As of October 9, there have been 26,899 confirmed cases of COVID-19 and 409 associated fatalities. Further international spread of the virus is to be expected in the near term.


The first case of COVID-19 was reported on December 31 and the source of the outbreak has been linked to a wet market in Wuhan (Hubei province, China). Since then, human-to-human transmission of the virus has been confirmed.

Cases of the virus have been confirmed in numerous countries and territories worldwide. On March 11, the World Health Organization (WHO) declared the global outbreak a pandemic. Virus-screening and quarantining measures are being implemented at airports worldwide, as well as extensive travel restrictions.

The most common symptoms of COVID-19 are fever, dry cough, and tiredness. Some patients may experience other symptoms such as body pains, nasal congestion, headache, conjunctivitis, sore throat, diarrhea, loss of taste or smell, or a rash on the skin or discoloration of fingers or toes. These symptoms (in most cases mild) appear gradually. Generally, most patients (around 80 percent) recover from the disease without being hospitalized.


Measures adopted by local authorities evolve quickly and are usually effective immediately.
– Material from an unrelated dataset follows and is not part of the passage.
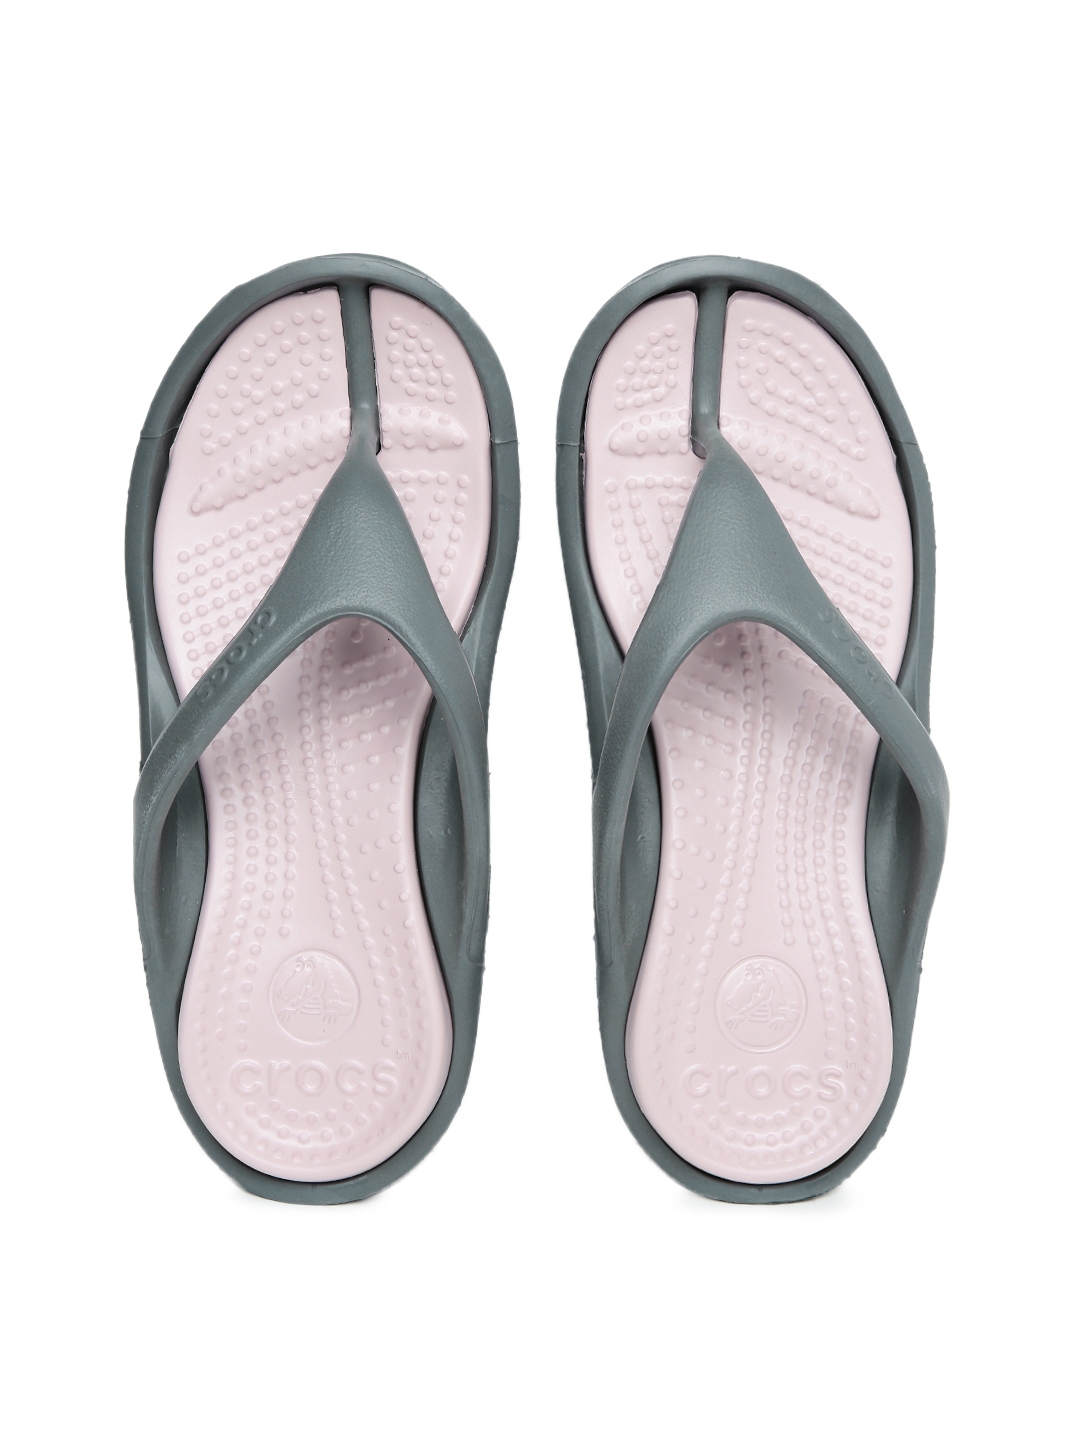 Buy Crocs Unisex Grey & Pink Athens II Flip Flops - Flip Flops for ...

Depending on the evolution of the outbreak in other countries, authorities are likely to modify, at very short notice, the list of countries whose travelers are subject to border control measures or entry restrictions upon their arrival to the territory in question. It is advised to postpone non-essential travel due to the risk that travelers may be refused entry or be subject to quarantine upon their arrival or during their stay.

To reduce the general risk of transmission, travelers are advised to abide by the following measures:

  • Frequently clean hands by applying an alcohol-based hand rub or washing with soap and water.
  • When coughing and sneezing, cover mouth and nose with a flexed elbow or tissue; if used, throw the tissue away immediately and wash hands.
  • If experiencing a fever, cough, difficulty breathing, or any other symptoms suggestive of respiratory illness, including pneumonia, call emergency services before going to the doctor or hospital to prevent the potential spread of the disease.